Here's my concern, which was also raised by the dissents. One reason Levy's counsel didn't raise the Apprendi issue in his appellate brief was surely the Eleventh Circuit's 2001 decision (Sanchez) holding that Apprendi doesn't apply to the guideline ranges under the statutory maximum (the claim now pending in Booker). Any appellate lawyer worth his or her salt knows that a basic function of an appeal is to winnow claims. You simply don't bring patently meritless claims -- as one would safely have considered this claim three short years after Sanchez. In response to the dissent's argument that appellate lawyers will now bring a "laundry list" of claims, all foreclosed by recent, on-point circuit precedent, the concurrers are able to cite a grand total of four cases (out of how many criminal appeals in three years?) that raised a Booker-style argument, despite Sanchez. Their argument, then, is that the parade of administrative horribles will never come. I think many appellate lawyers probably didn't even think to raise the issue, and those who did realized how detrimental raising a frivolous-appearing issue would be to their overall chances of winning. Now, however, they have to play by the "fool me once, shame on you, fool me twice, shame on me" doctrine. Appellate attorneys in the Eleventh Circuit are now on notice that nothing, no matter how fundamental, can be raised for the first time on rehearing, regardless of whether that would be the most efficient way to dispose of the case. Accordingly, they have every reason to raise as many issues as they can, without regard to the recency or clarity of circuit precedent.

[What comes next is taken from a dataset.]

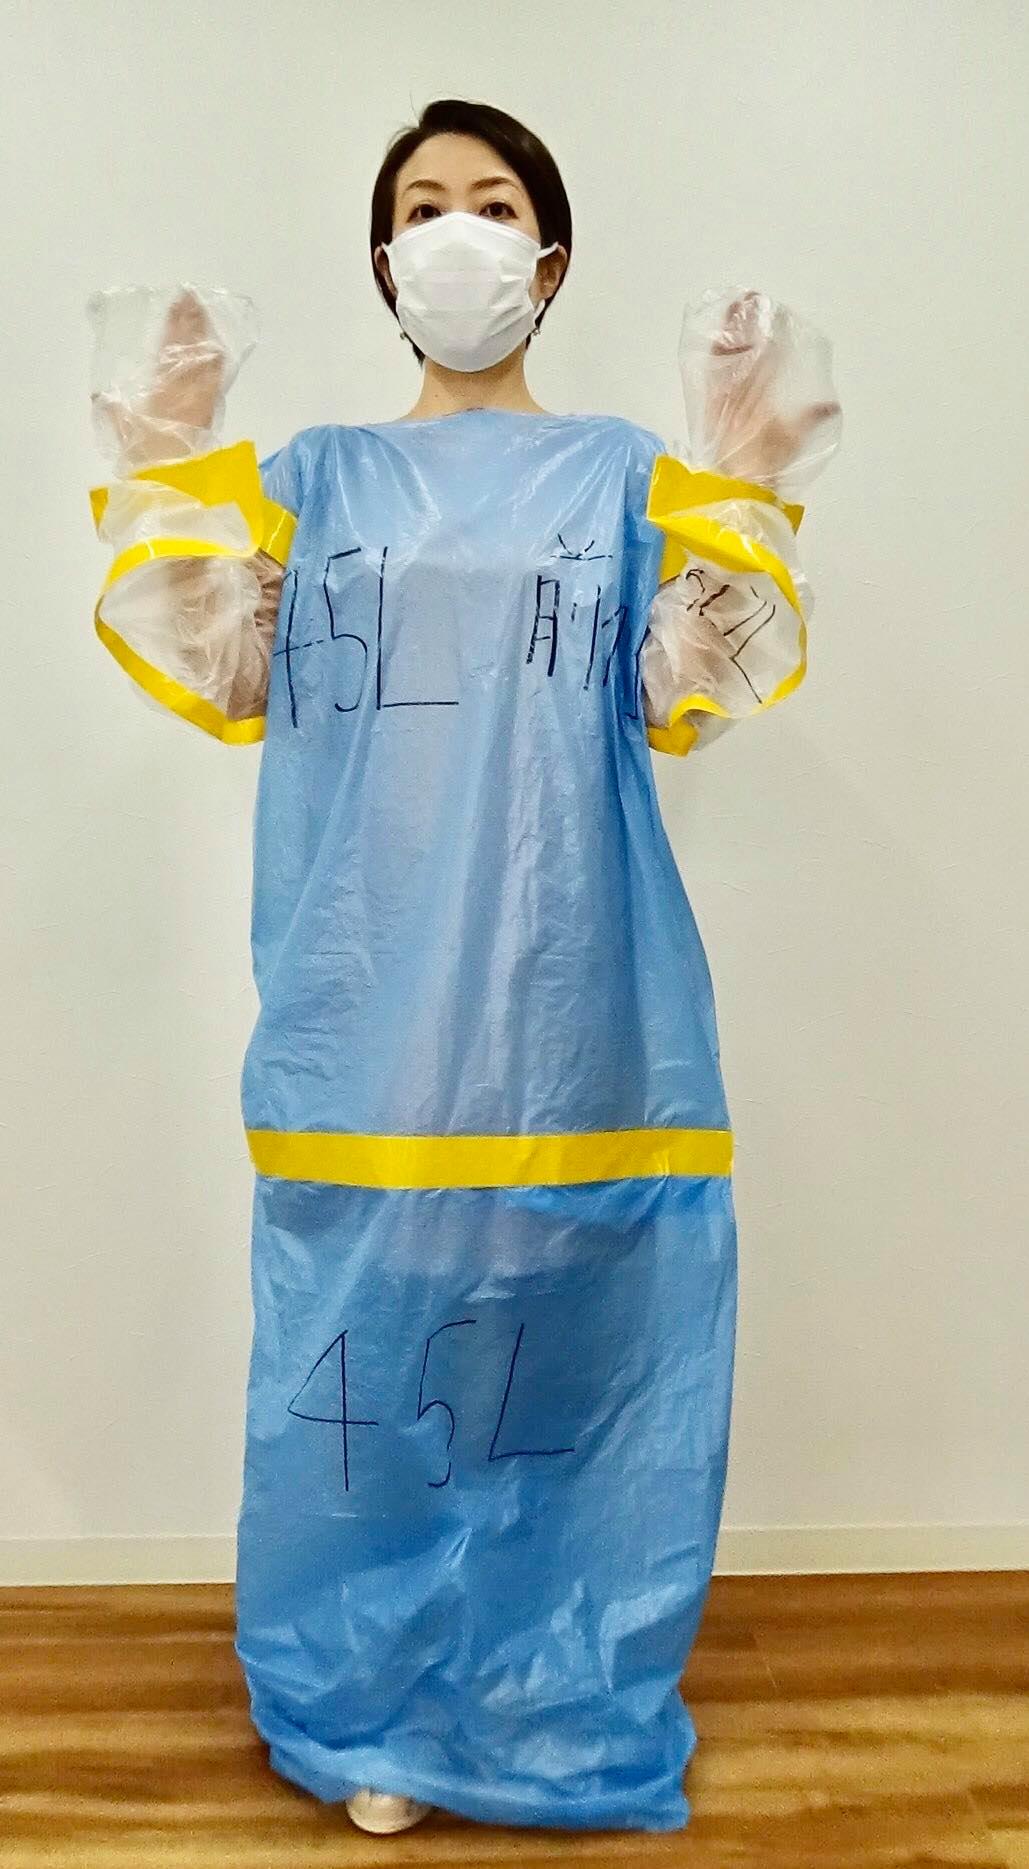 医師が監修した ポリ袋で作れる使い捨て防護服 の簡単な作り方をyoutubeで公開しました アイグレー 合同会社のプレスリリース
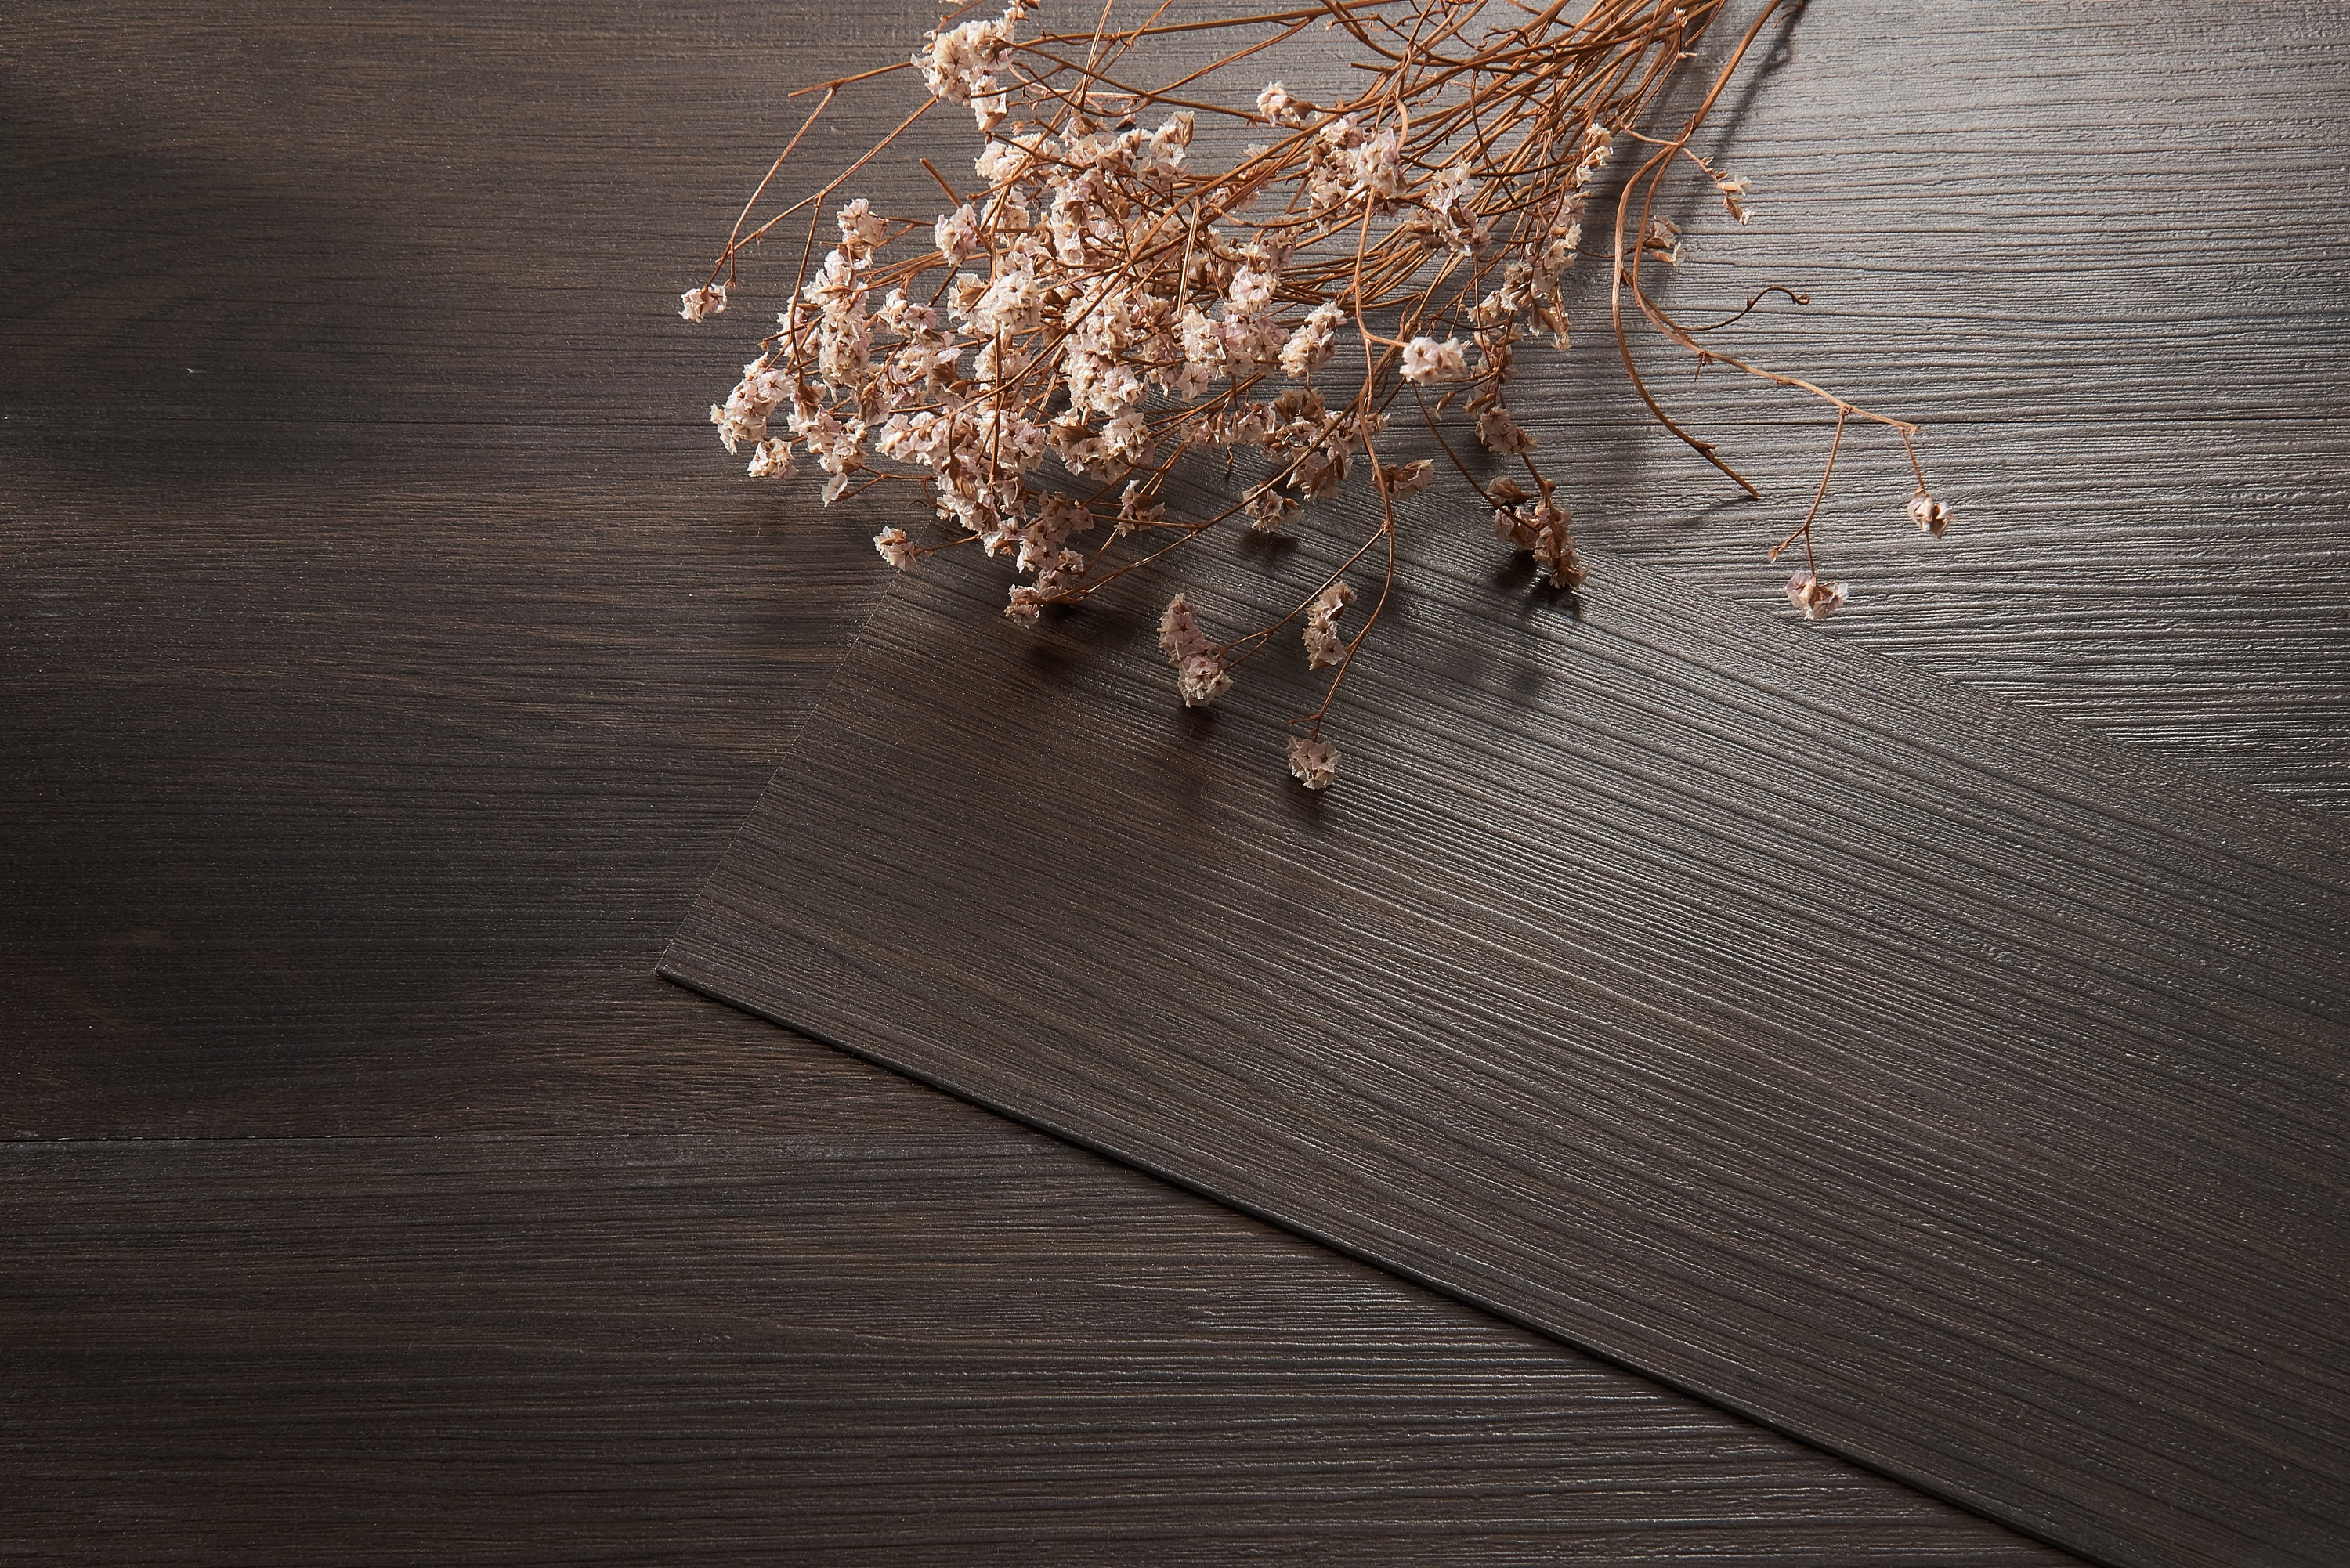 拍摄木板道具 ins仿真木地板 静物美食拍照木纹背景板|摄影|产品摄影

This undermines stare decisis. Litigants need to know that, until the Supreme Court says otherwise, a rule like Sanchez is the law of the circuit. Having to re-consider the question anew in every appeal -- even to the limited extent of re-affirming or adhering to Sanchez -- makes it appear that the law is more unsettled than it is. With the benefit of not having to constantly restate its precedents, the court must take the burden that cases that aren't yet final are subject to retroactive application of Supreme Court decisions -- at a minimum when not doing so would work a fundamental injustice. (Note: I haven't reveiewed Levy's case enough to even hazard a guess at whether that might be the deal here.) After all, it couldn't be that many cases, and the window will be small. I guess I'm a standards-over-rules kind of guy, but the reasons for applying the rule in this case aren't compelling to me, and the ramifications of such strict application are worrisome.